Горячая и пенная ванна.
Кухонный стол.
Гостиная.
Быстро, жестко, страстно, жадно – с каждым разом хочется больше. Мои мышцы изнывают от боли, но стоит мне только заметить огонь в глазах Яна, как желание отдаться ему уничтожает любое проявление физического дискомфорта. Его завораживают движения моих рук и то, как я ласкаю себя. Вспыхнув, точно необъятный костер, Ян затухает лишь когда в полной мере насытиться мной, а я, осознавая это, загораюсь с новой силой. Время для нас как будто останавливается: у Яна нет работы и обязательств, а у меня планов на будущее. Меня не волнует учеба, не колышет отсутствие жилья, как и весь внешний мир за пределами этого дома. Всё, что имеет значение – мои ощущения, мои желания, мои потребности, мое счастье, которое в данный момент времени заключено в возможностях одного конкретного мужчины доставить мне неслыханное удовольствие.
Глава 17
Моя кожа воспламеняется от болезненного шлепка. Силы на исходе, колени щиплет, руки дрожат, и я понятия не имею, как ещё умудряюсь удерживать собственный вес тела. Ян притягивает меня назад, потянув за волосы. Его зубы покусывают мою шею, рука болезненно сжимает грудь. Мое наваждение носит его имя и я готова дружить с ним вечно.
Я дышу.
Я задыхаюсь.
Я кричу! Оргазм пожирает меня мгновенно, конечности немеют, сердце бешено колотится в груди. Мне хочется лезть на стену, впиваться ногтями в холодный бетон и тут же провалиться под лед, ведь иначе на моем теле останутся уродливые ожоги. Я обмякаю, как овсяное печенье в кружке горячего чая. Мои силы иссякают. Я просто обрушиваюсь на кровать и не могу шевельнуть даже мизинцем.

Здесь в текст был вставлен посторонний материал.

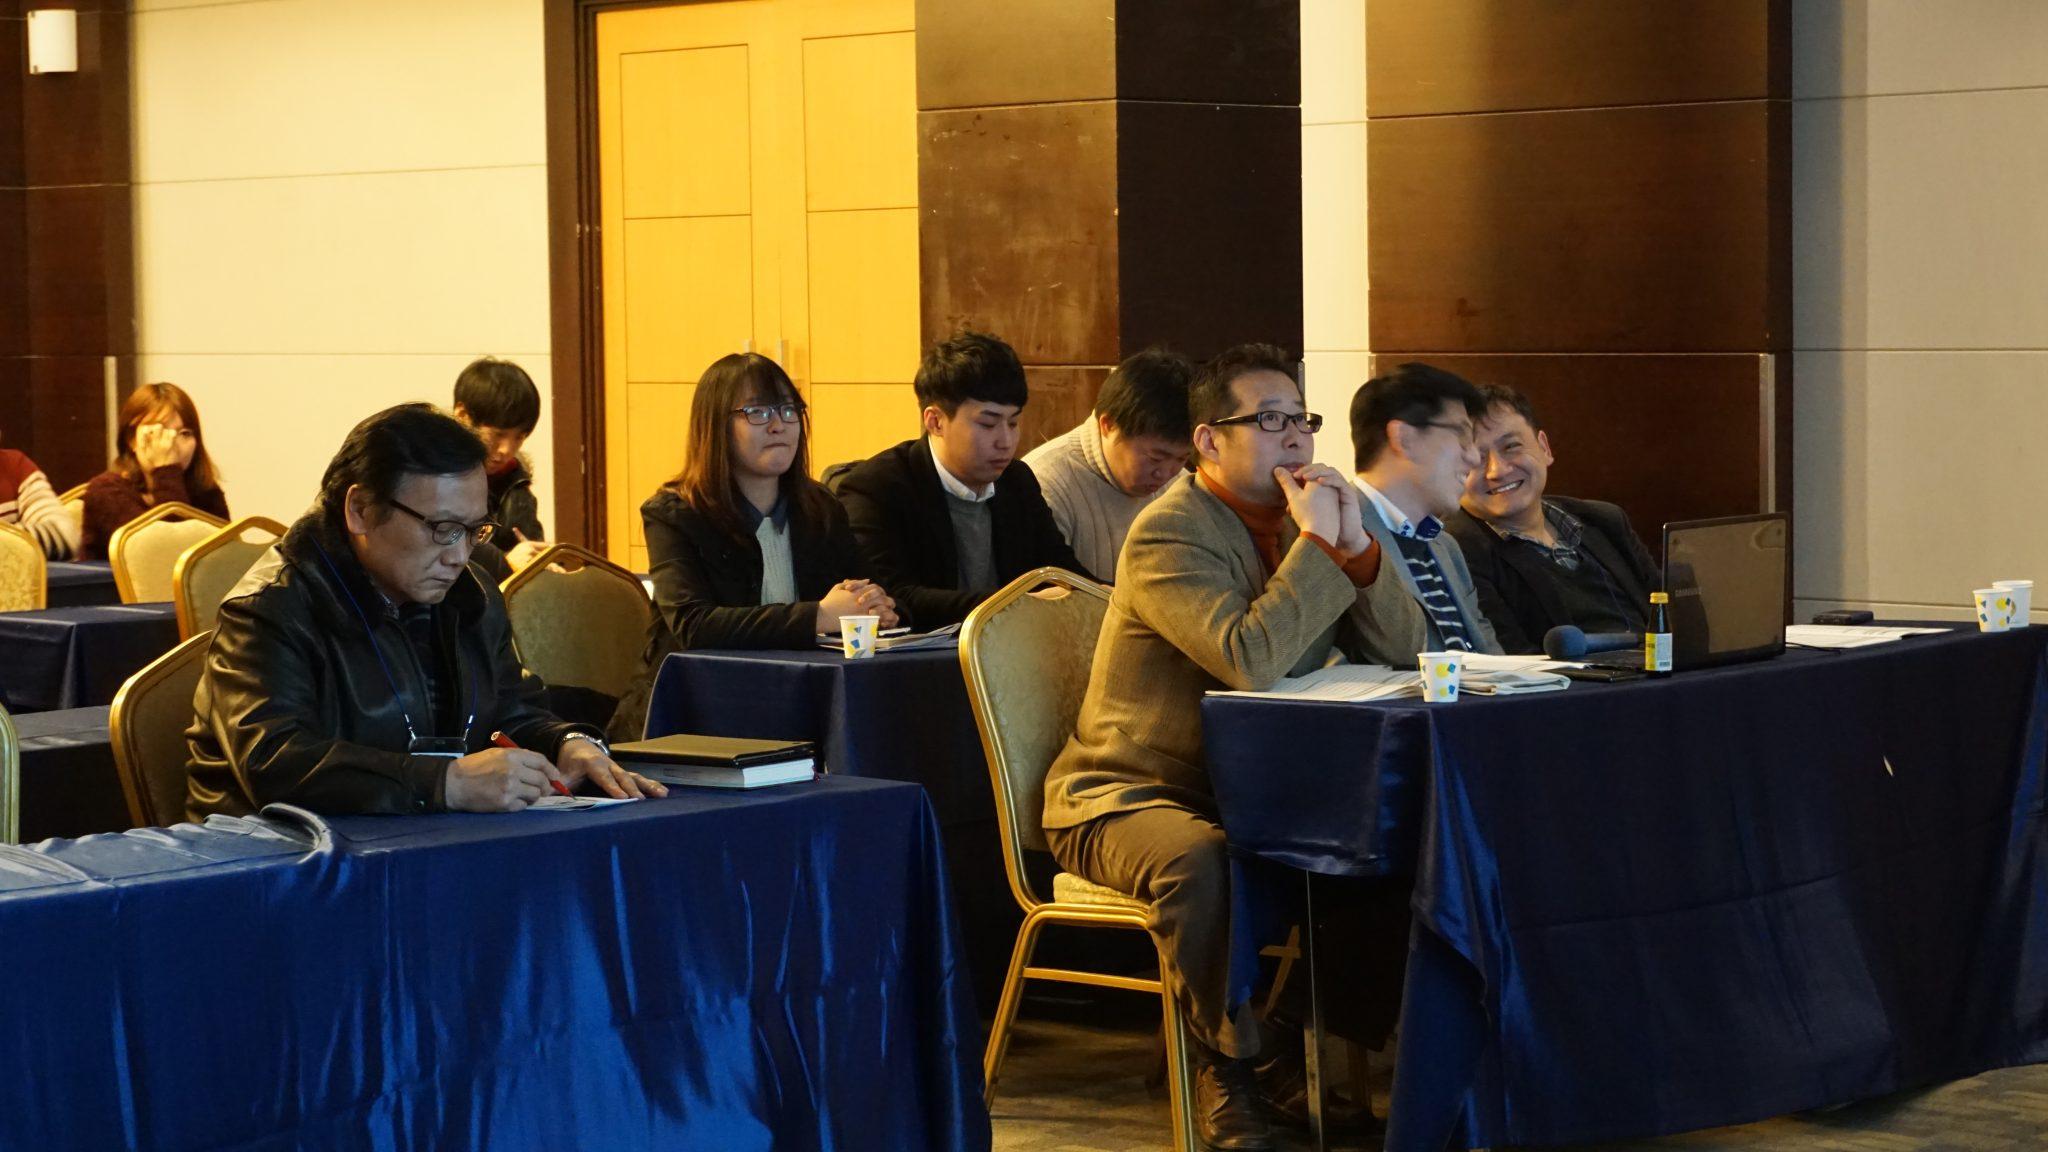 2015년02월 전기학회의용시스템학술대회 현대성우

Ян ложится рядом. Он громко дышит, таращась в одну точку, а вена на его шее размером с мой палец. Или у меня просто двоится в глазах. Мы лежим так достаточно долго, чтобы я вновь обрела некое подобие власти над своим телом. Накрываюсь простыней, собирая силы на то, чтобы просто отправиться в душ.
Ещё немного.
Ещё чуть-чуть.
– Ты – невероятная любовница, Тая, – полушепотом говорит Ян. Его глаза закрыты, дыхание ровное и тихое. – Пылкая, страстная, раскованная – мечта любого мужчины. – Он поворачивает ко мне голову, открывает глаза и пару минут просто смотрит на меня. Будь я в ином состоянии, то наверное бы смутилась. Но не сейчас. – Я всегда считал, что такой женщина может стать в силу времени и опыта. А у тебя нет ни того, ни другого. Порой ты испытываешь неловкость во время простого разговора, но забываешь о ней, когда снимаешь одежду.
– А надо помнить?
Ян устало улыбается.
– Ты получаешь удовольствие. Это видно. И это возбуждает сильнее, чем обнаженное и красивое женское тело.
– А разве может быть иначе?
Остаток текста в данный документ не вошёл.